(DATA SHOWN)
- - - - - - -

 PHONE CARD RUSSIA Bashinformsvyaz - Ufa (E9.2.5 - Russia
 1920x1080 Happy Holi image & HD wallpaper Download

- - - - - - -

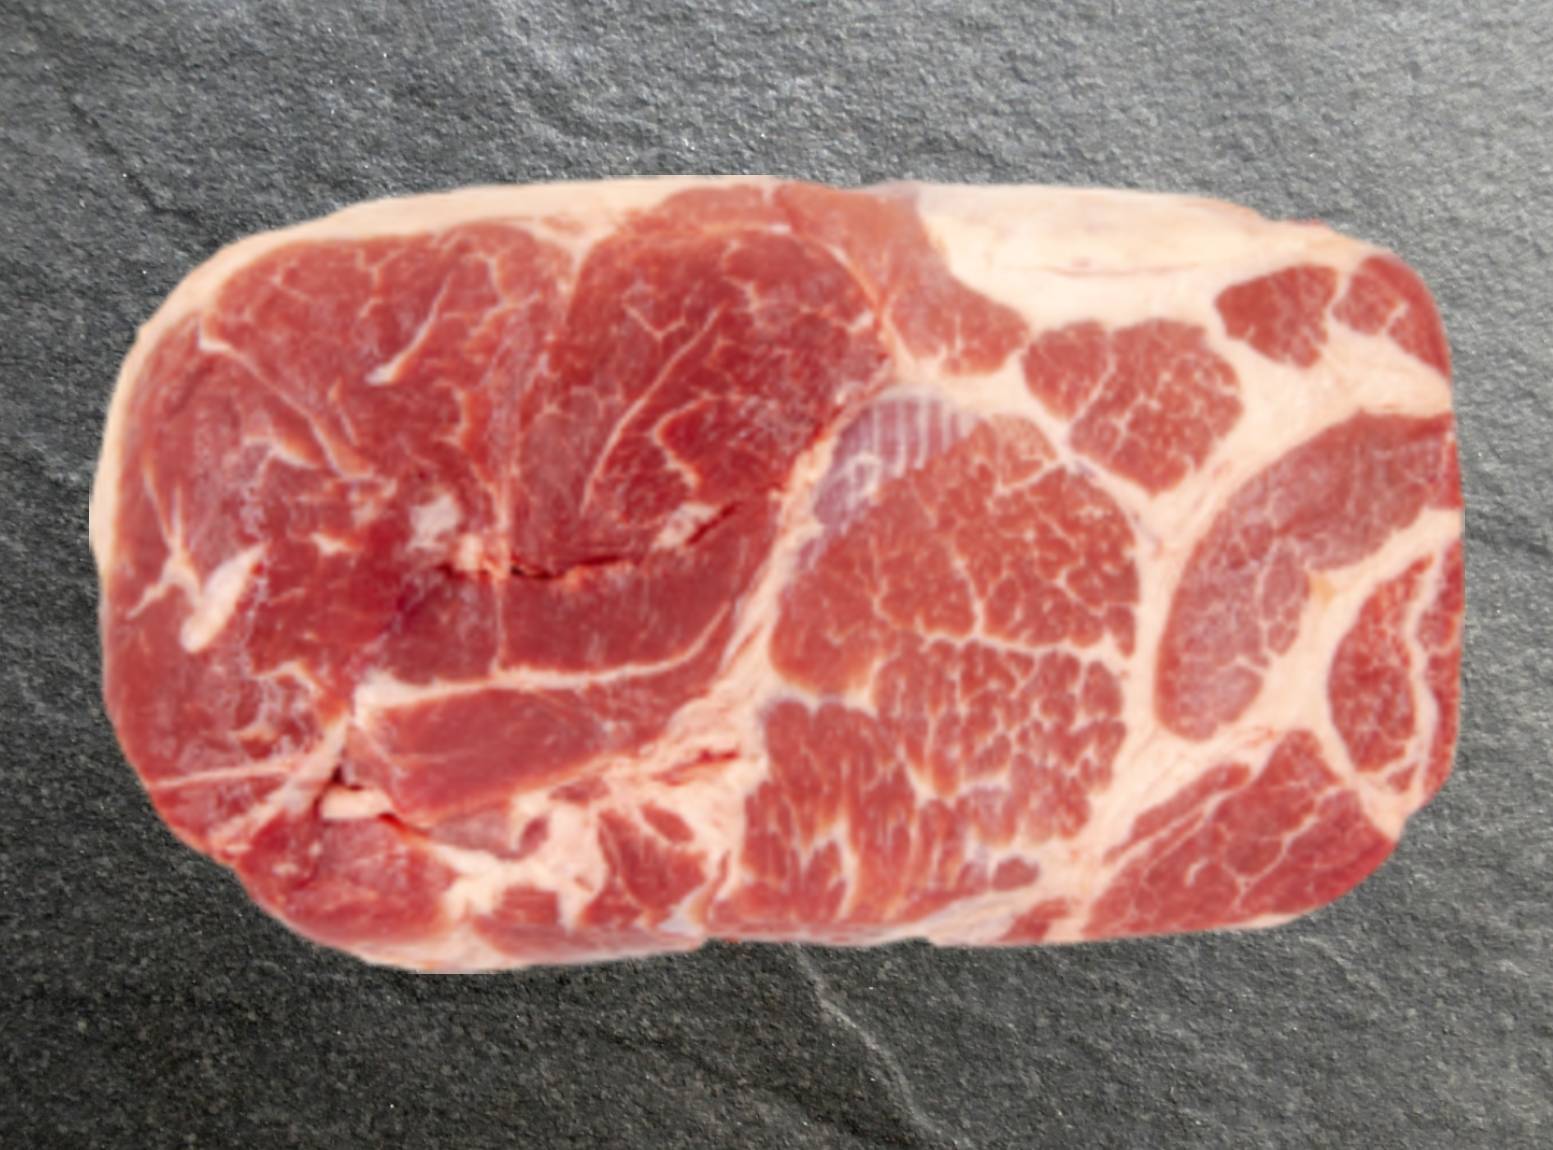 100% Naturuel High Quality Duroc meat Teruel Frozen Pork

- - - - - - -

(EXERCISE OBJECTIVE)
Reprint exactly the lines above that start at the one with "PHONE CARD RUSSIA" and end at the one with "1920x1080 Happy Holi", keeping both and adding none.

(RESULT OF THE TASK)
 PHONE CARD RUSSIA Bashinformsvyaz - Ufa (E9.2.5 - Russia
 1920x1080 Happy Holi image & HD wallpaper Download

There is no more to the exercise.